This direction is not without its risks. Let us now examine those and think about how we can address them.

Concerns & Risks

Performance

Parsoid generates HTML with auxilliary markup and information that lets it convert edited HTML to wikitext without introducing dirty diffs. As a result, it does more work to generate its output HTML than does the PHP parser. While unifying and consolidating behind a single parser, the goal is to minimize the performance gap, given that Parsoid does additional work. However, if the equivalent PHP code performs worse than node.js, this can widen the difference between the old parser and Parsoid.

That said, as noted above in the previous section, we are cautiously optimistic that this performance gap might not come to pass.

Higher request startup costs

A related performance concern is that the MediaWiki request startup overhead is higher than with node.js because every request loads the config from scratch unlike the node.js express setup where parsoid and wiki and other config is pre-loaded and shared across requests. But, that is how it has been with MediaWiki and so, if required, we'll have to redo some of the startup code to not assume cached access of config across requests.

Loss of async features

Parsoid heavily relies on node.js async event loop handling to overlap I/O requests and CPU processing. This will no longer be available in PHP. But, with the move to core, Parsoid-PHP will not incur cross-service network and MediaWiki API startup latencies, but only cross-service database (mariadb / mysql) access latencies which are expected to be lower. So, the I/O waits are expected to be smaller and similar to what the existing PHP parser incurs.

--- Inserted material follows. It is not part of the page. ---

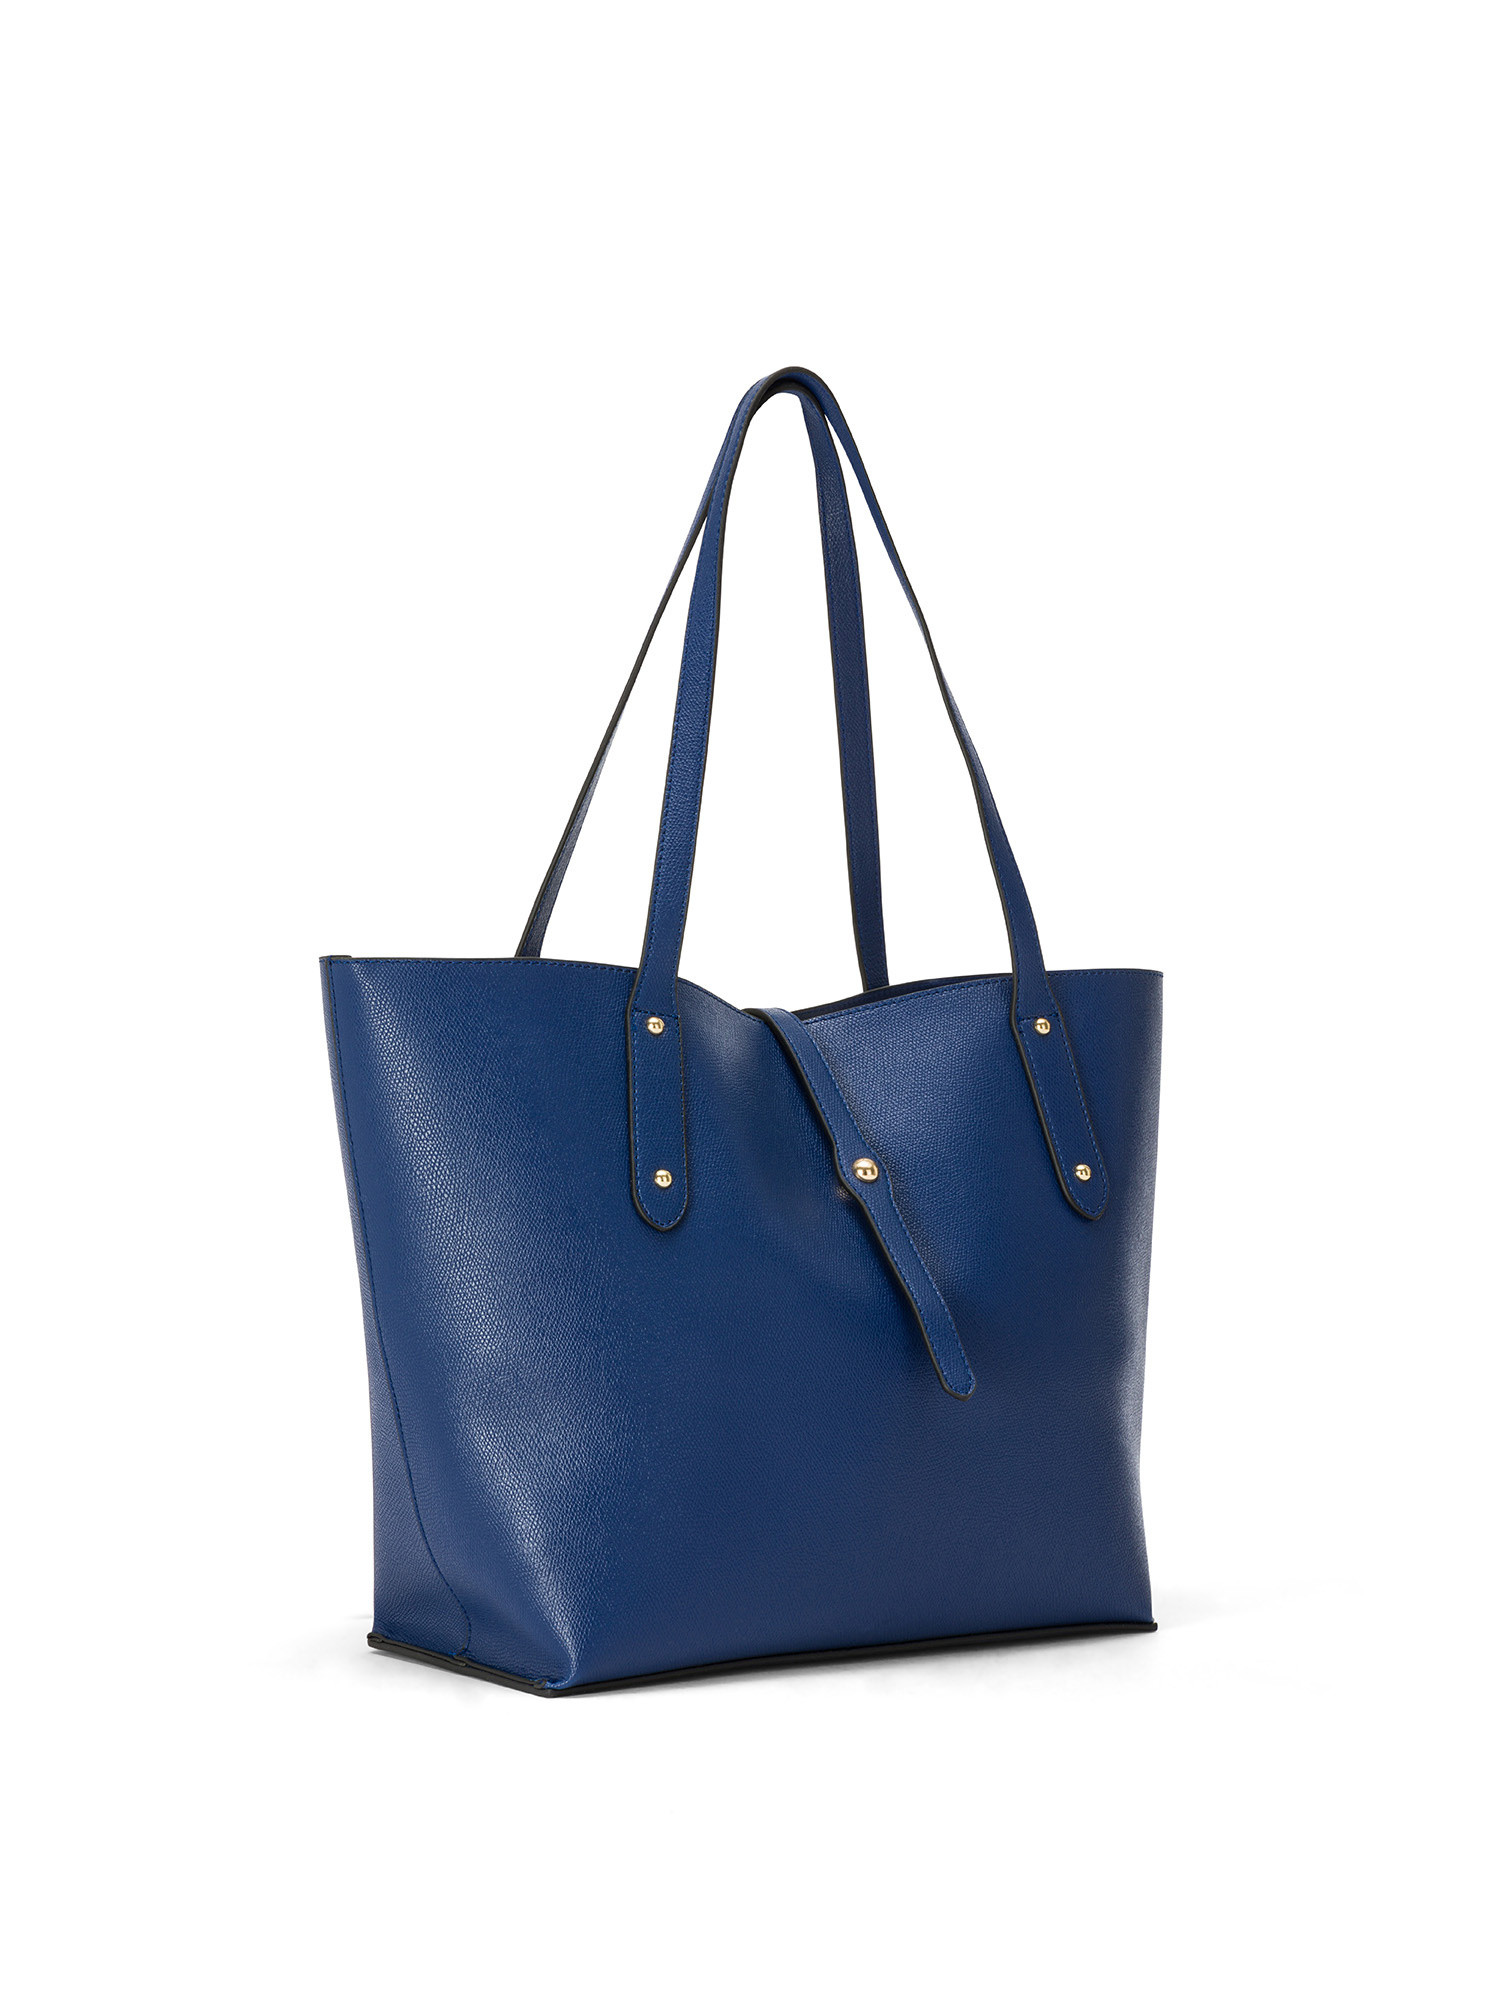 Koan - Shopping bag, Royal Blue, large image number 1

Nevertheless, this might still require some changes to Parsoid like migrating media processing to a post-processing step and other ways of batching database accesses.

Longer-term however, as we evolve wikitext semantics to enable features like independent parsing of sections of a page, we will still need to figure out ways to do concurrent / parallel parsing of page fragments. This is not something that will be required immediately, but highlighting it here so we are aware of this requirement going forward.

Independent deploys

Parsoid has so far been deployed independent of MediaWiki and on several occasions since its first deployment in 2012, it has been updated multiple times a week, independent of the status of the MediaWiki train. With the move to core, this flexibility could be lost.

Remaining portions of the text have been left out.